MATERIAL PROVIDED:

——————

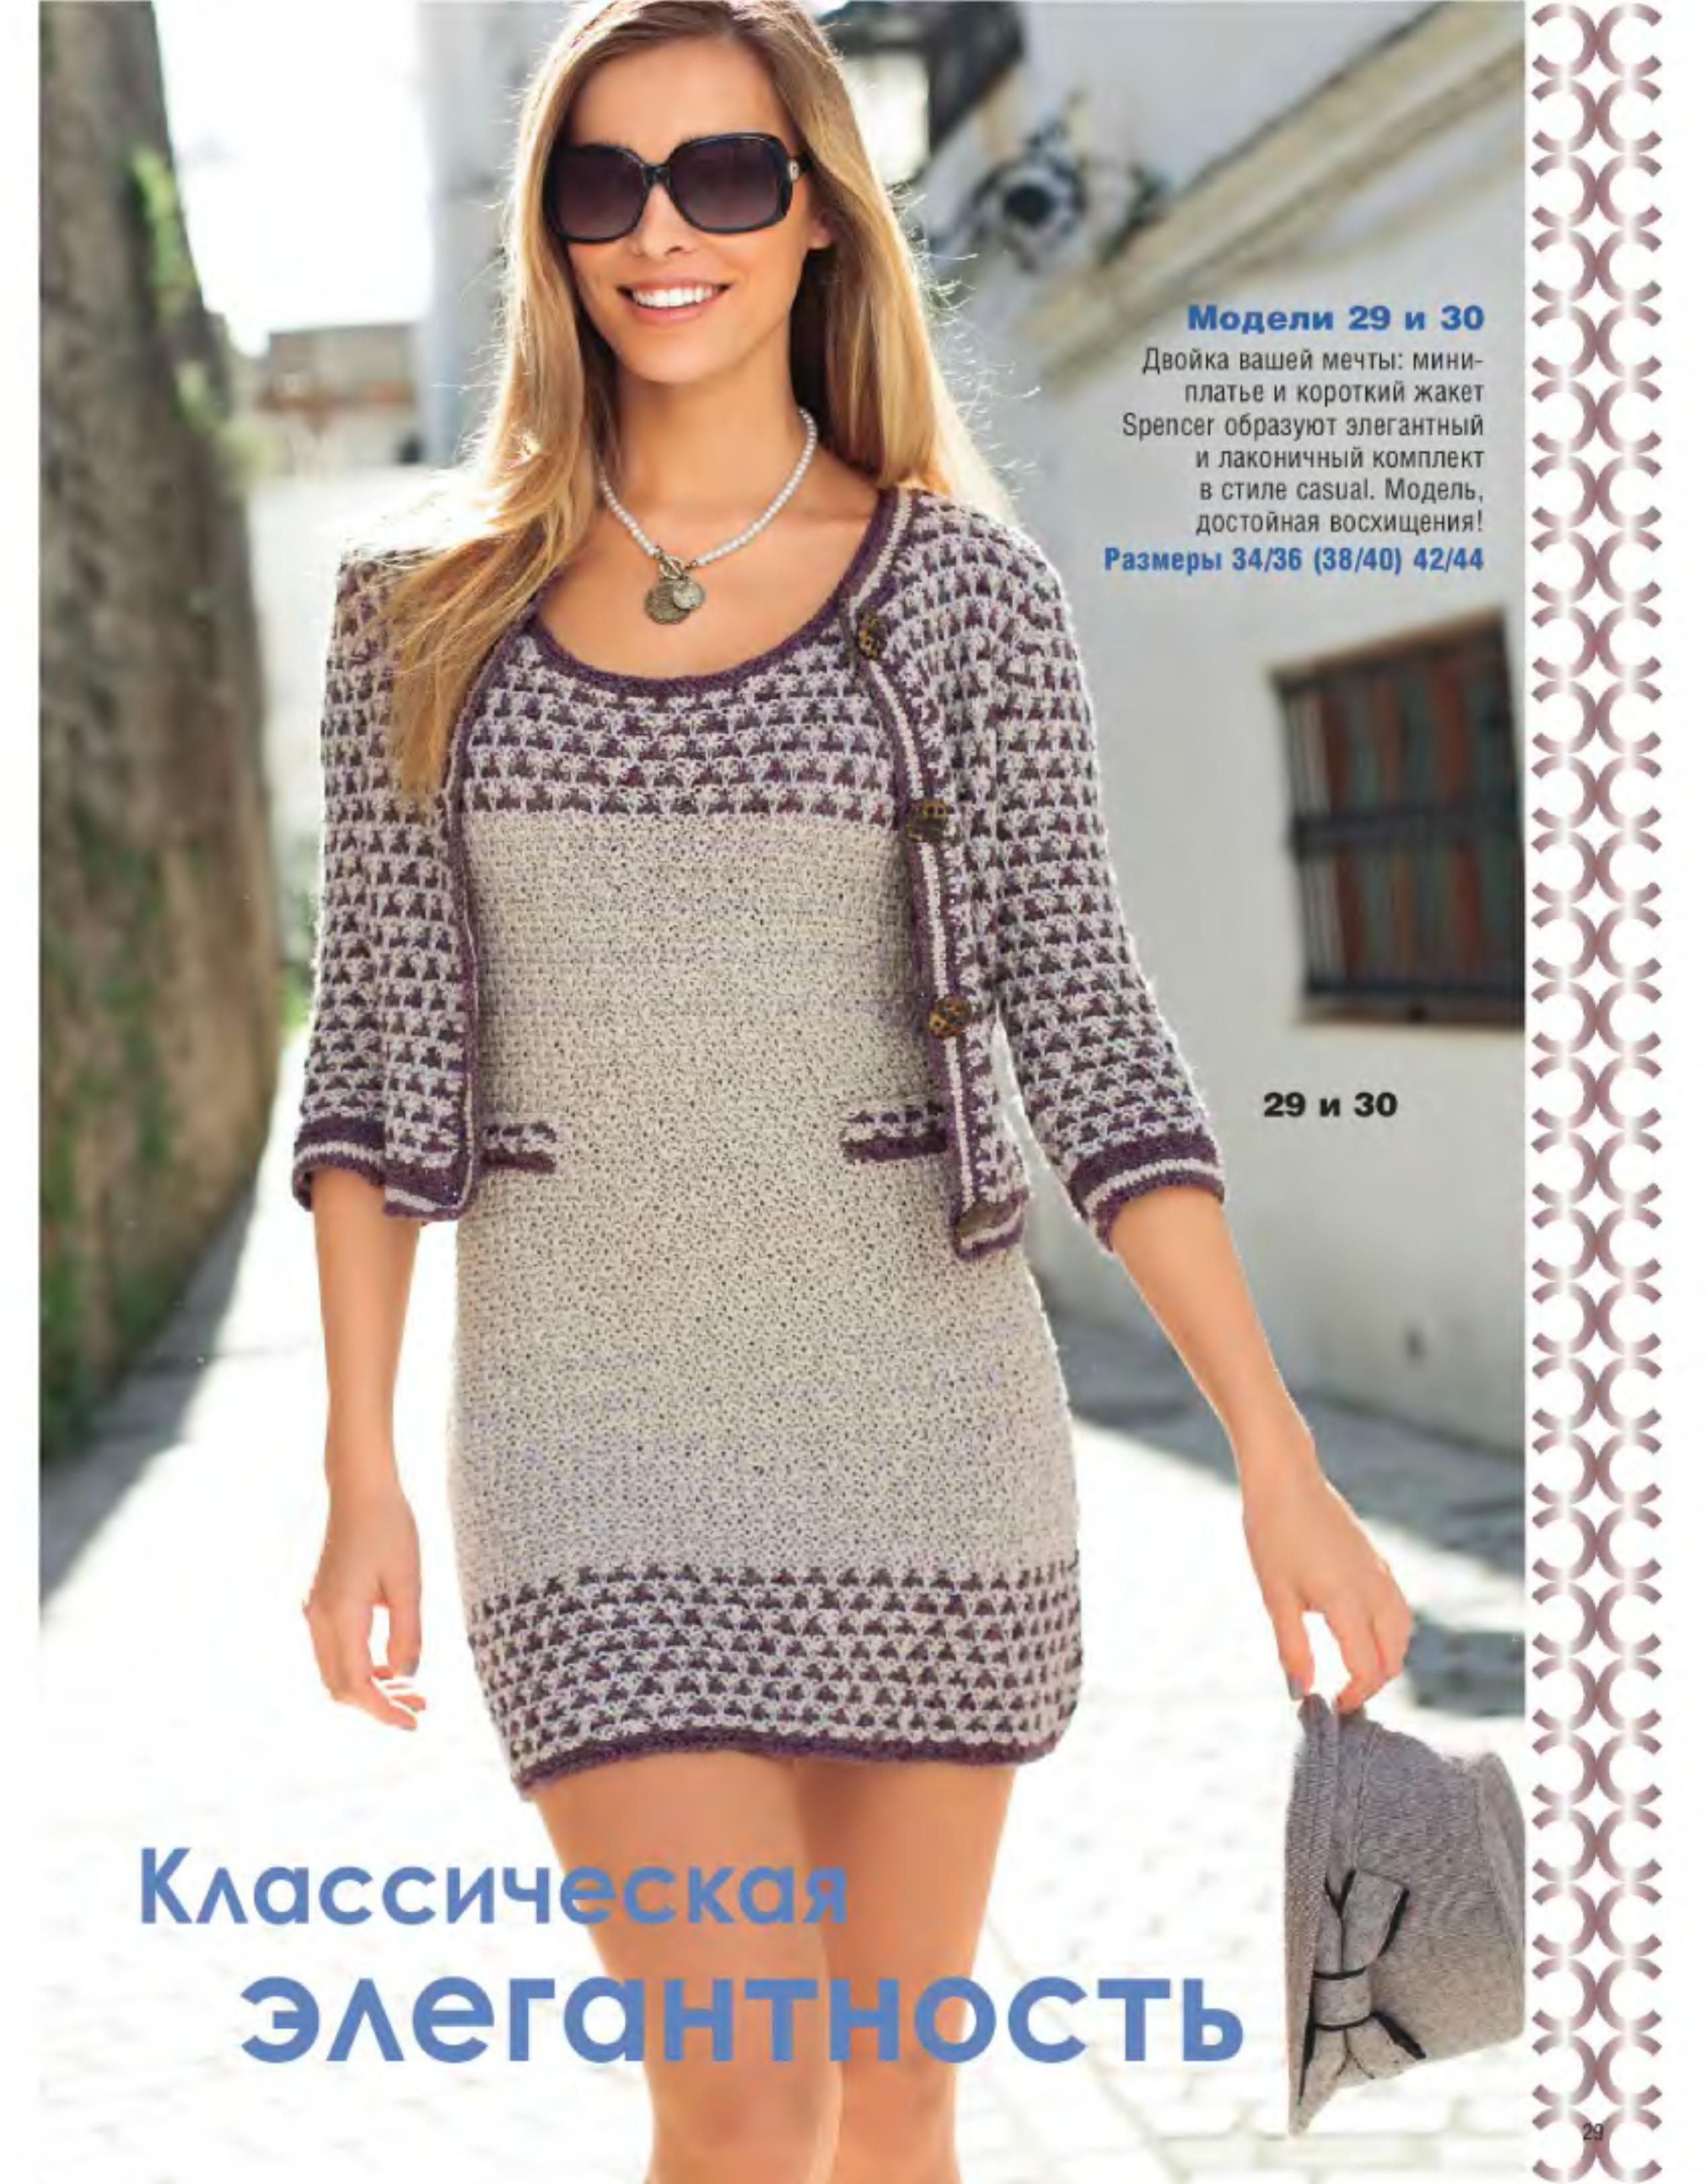 Блузка с баской купить
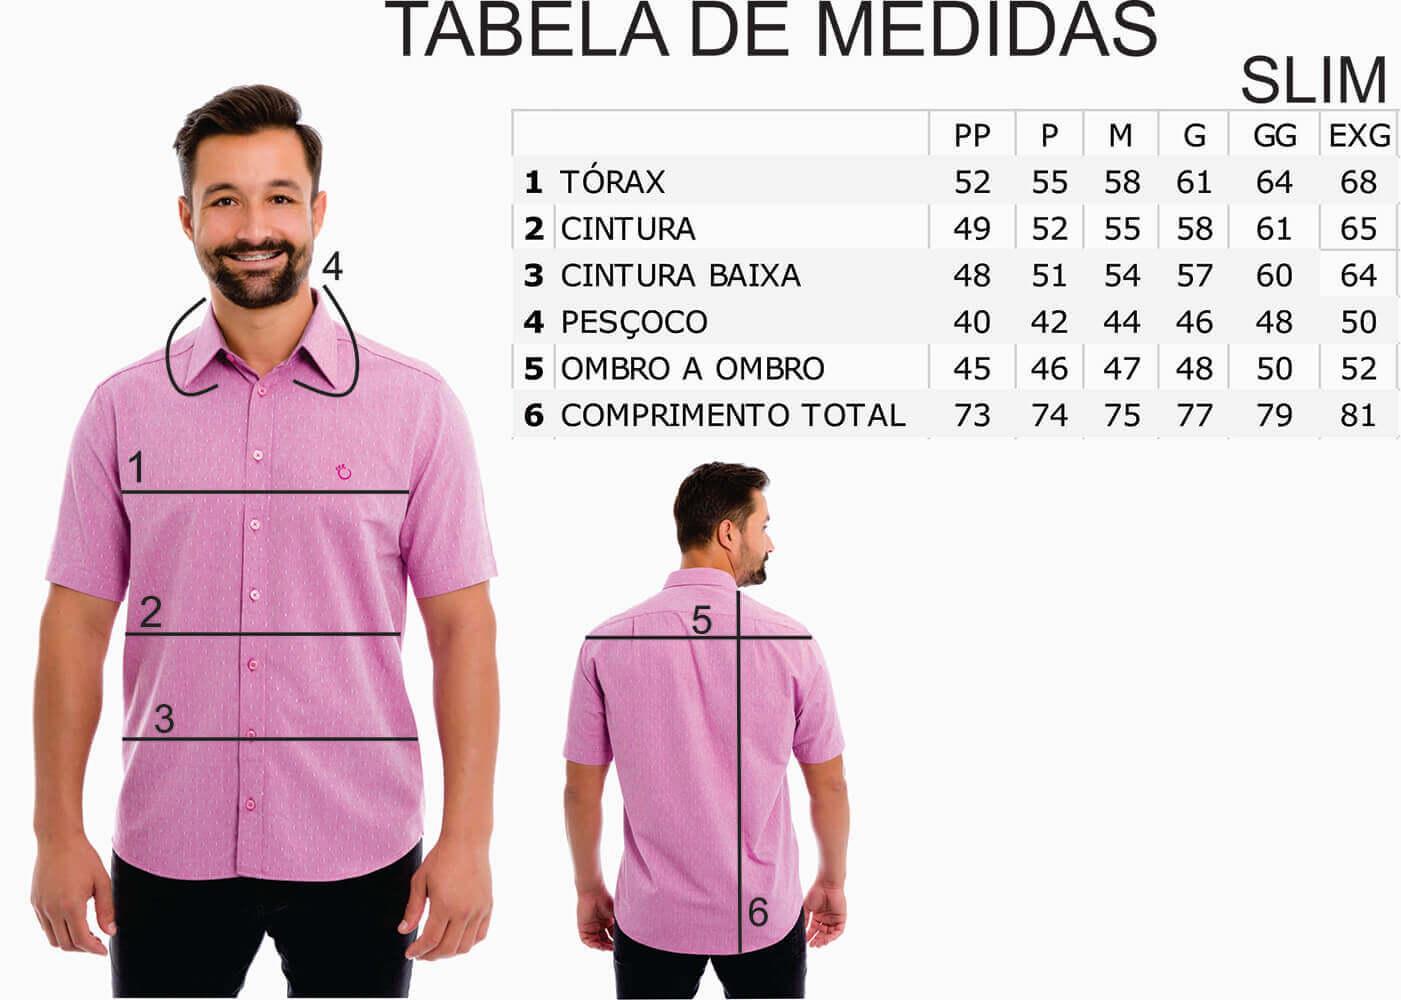 Camisa Social Masculina Slim Olimpo Maquinetada 100% Algodão Fio 50 Manga Curta Marinho
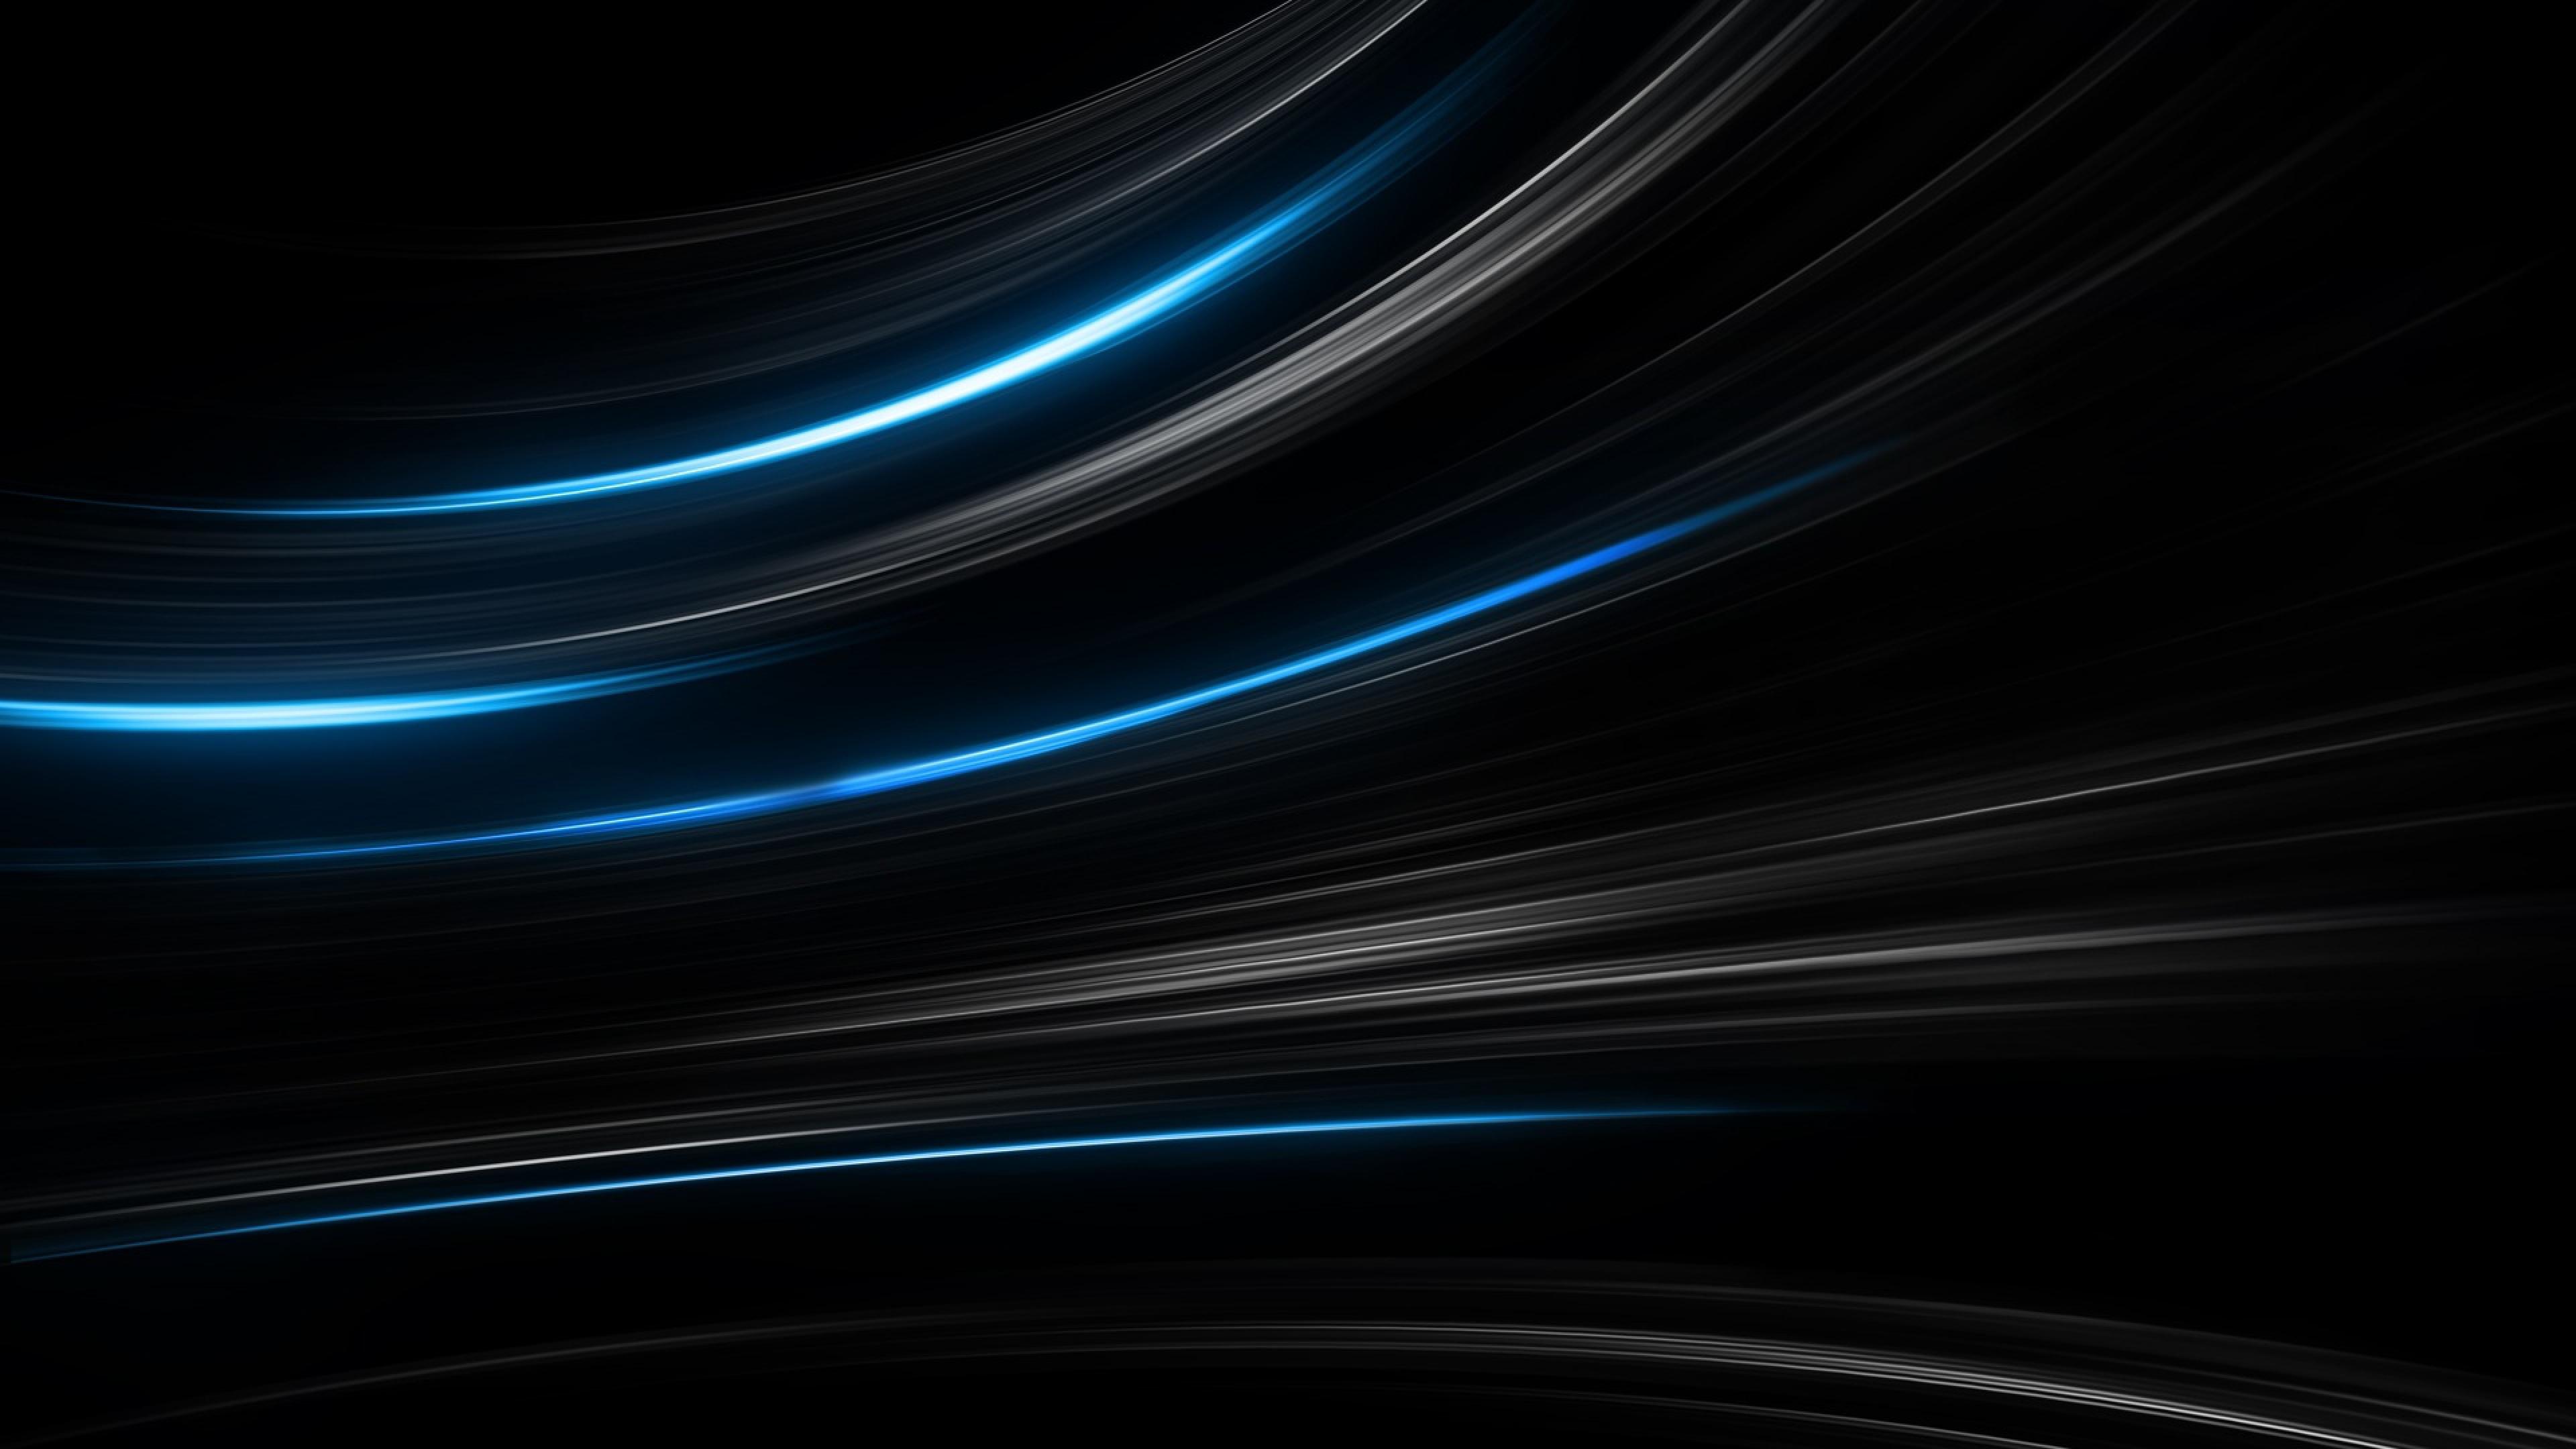 Черно-синие линии  № 2328035 бесплатно

——————

HOW TO COMPLETE THIS TASK:
Please set down each line of the listing above word for word, skipping any pictures.

EXERCISE OUTPUT:
 Блузка с баской купить
 Camisa Social Masculina Slim Olimpo Maquinetada 100% Algodão Fio 50 Manga Curta Marinho
 Черно-синие линии  № 2328035 бесплатно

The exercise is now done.